## Data segment
.....

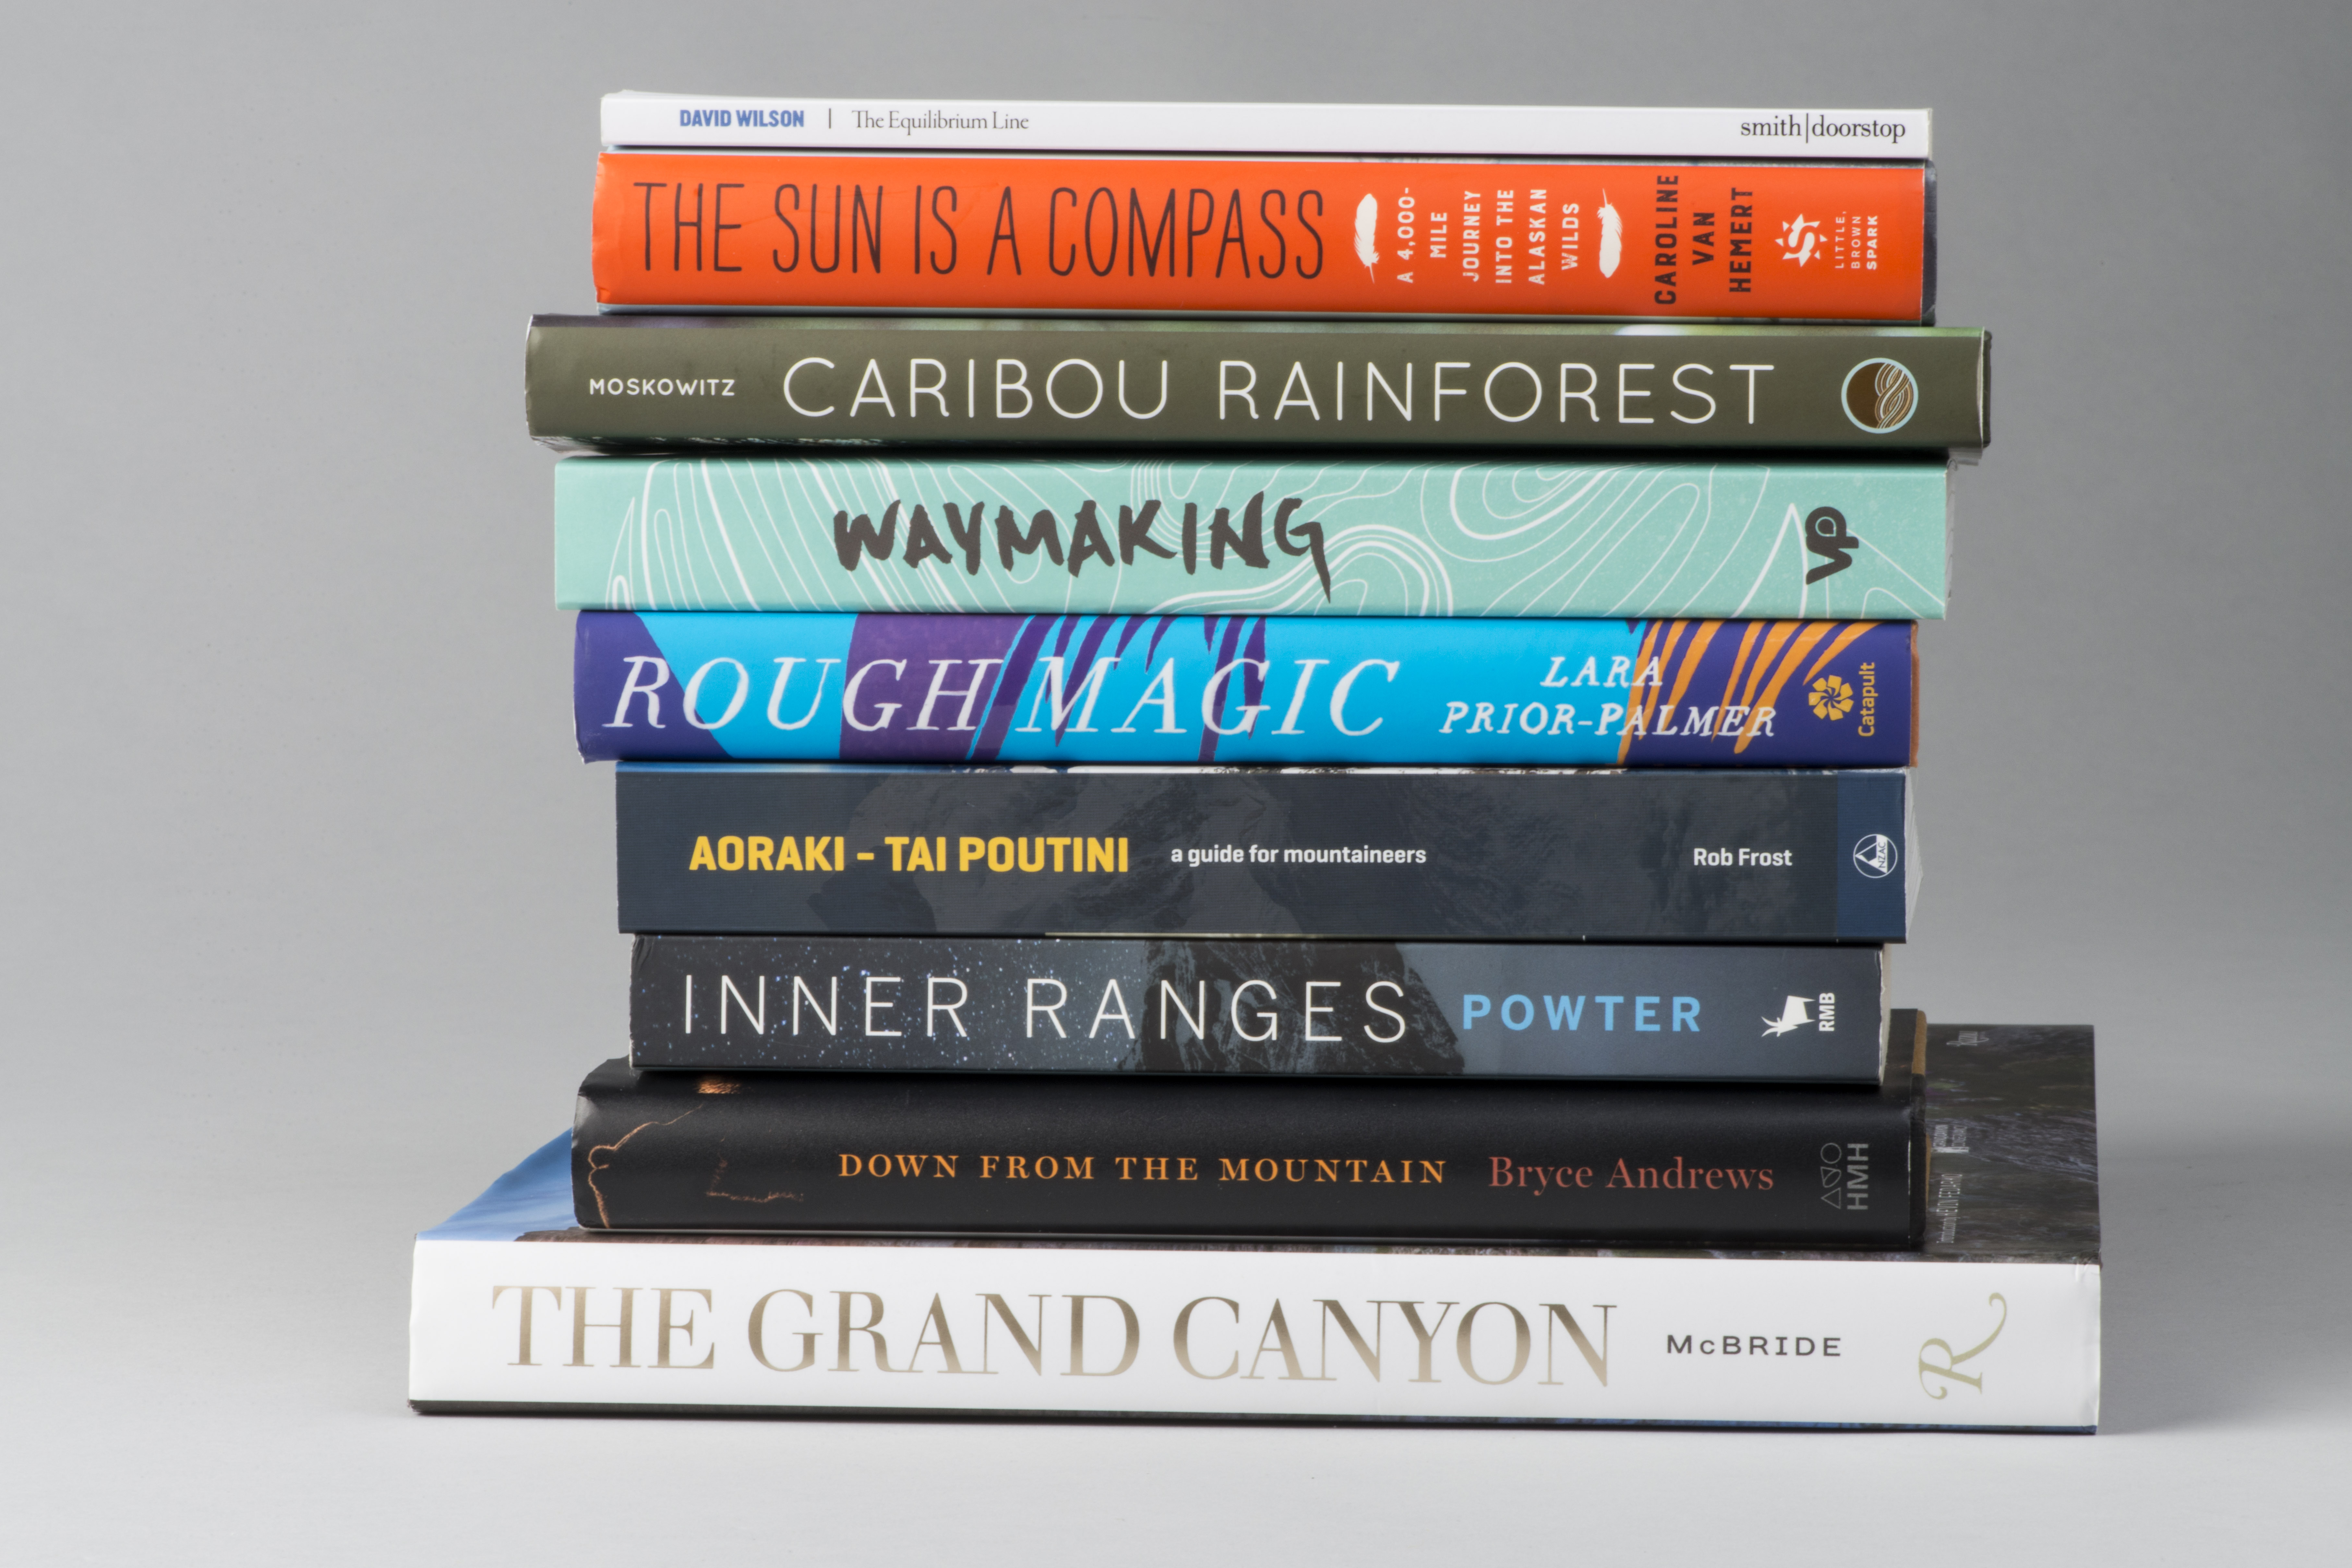 2019 Banff Mountain Book Competition category award winners
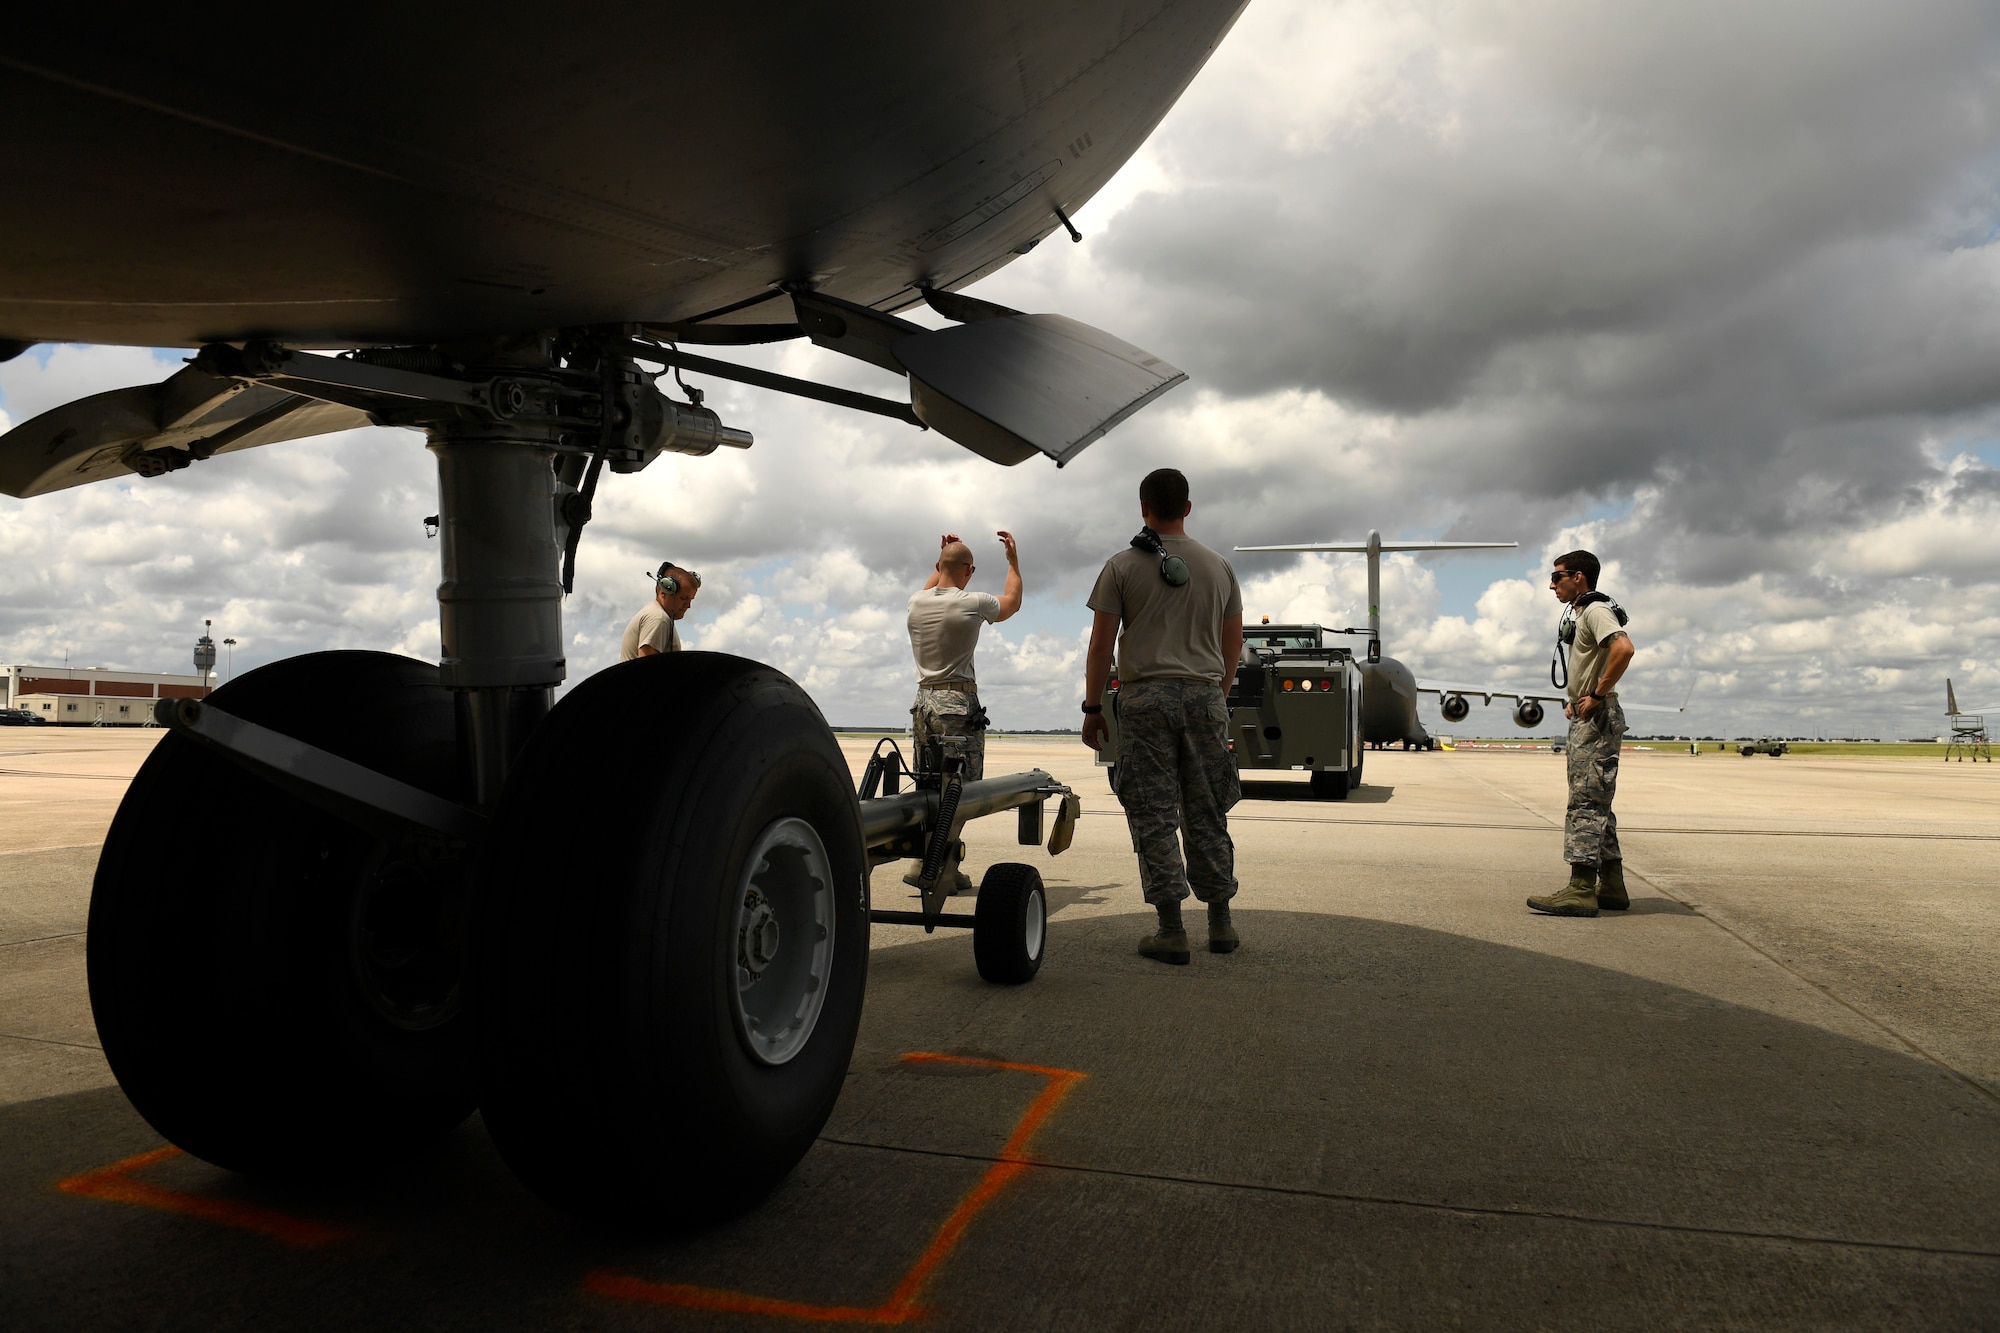 U.S. Air Force Staff Sgt. James Srackangast (center), 145th Aircraft Maintenance Squadron, gives hand and arm signals to direct a tow vehicle into position to tow a C-17 Globemaster III at the North Carolina Air National Guard Base, Charlotte Douglas International Airport, July 24, 2018. Maintenance personnel use hand and arm signals to direct each other and  ensure the safety of personnel and aircraft.
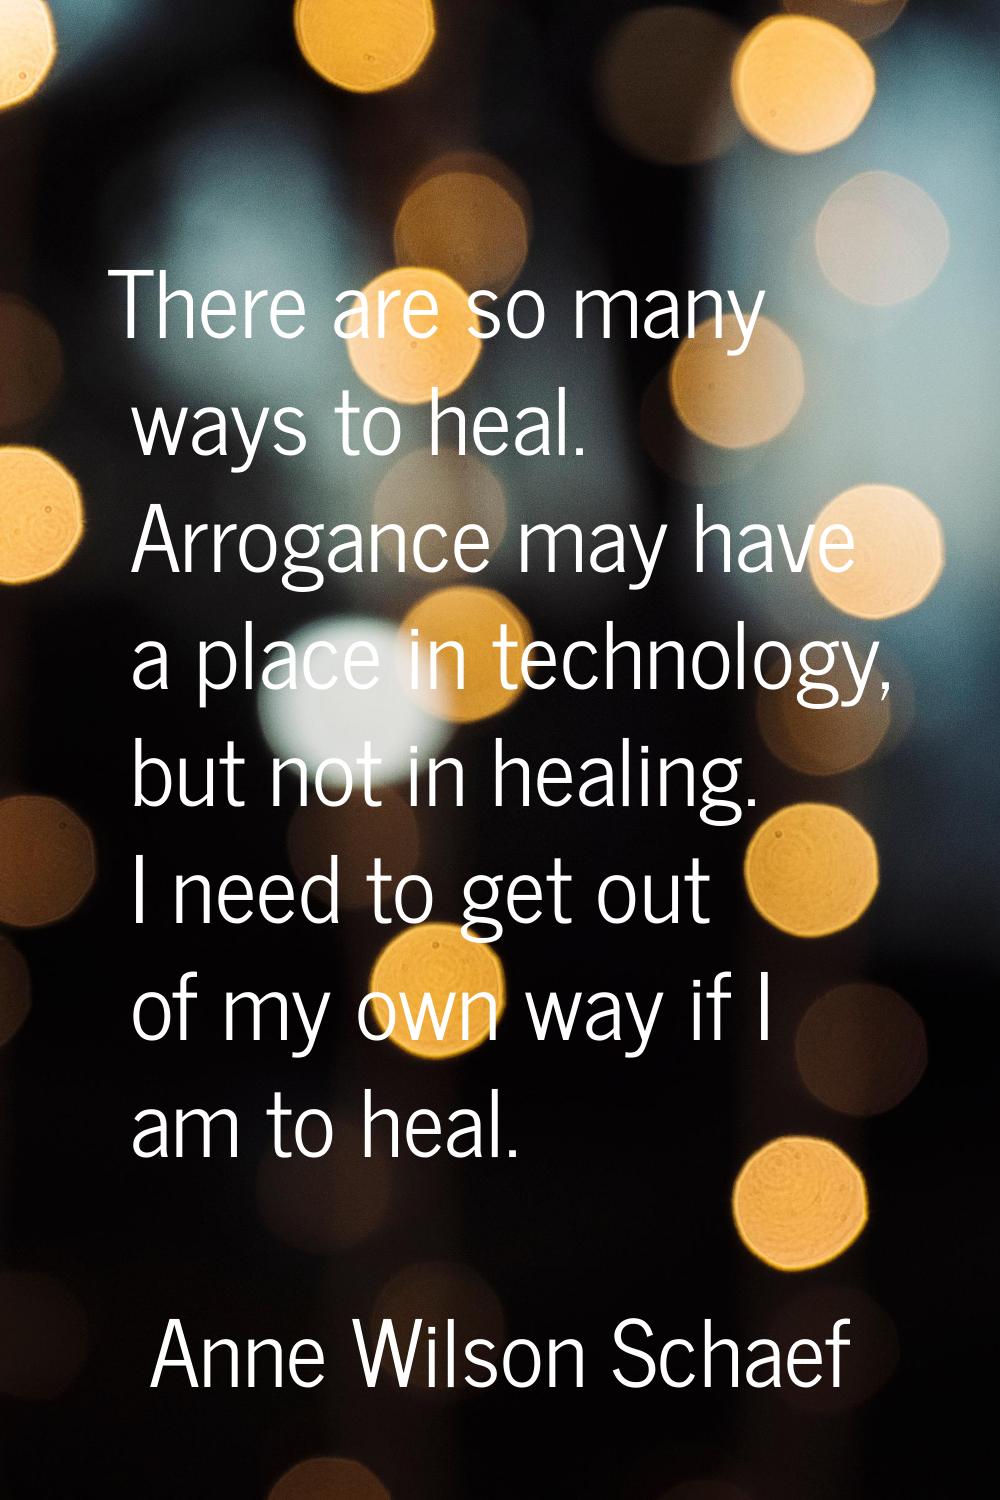 There are so many ways to heal. Arrogance may have a place in technology, but not in healing. I nee

.....

## Assignment
Without any of its pictures, the listing is to be repeated exactly as it stands.

## Solved problem
 2019 Banff Mountain Book Competition category award winners
 U.S. Air Force Staff Sgt. James Srackangast (center), 145th Aircraft Maintenance Squadron, gives hand and arm signals to direct a tow vehicle into position to tow a C-17 Globemaster III at the North Carolina Air National Guard Base, Charlotte Douglas International Airport, July 24, 2018. Maintenance personnel use hand and arm signals to direct each other and  ensure the safety of personnel and aircraft.
 There are so many ways to heal. Arrogance may have a place in technology, but not in healing. I nee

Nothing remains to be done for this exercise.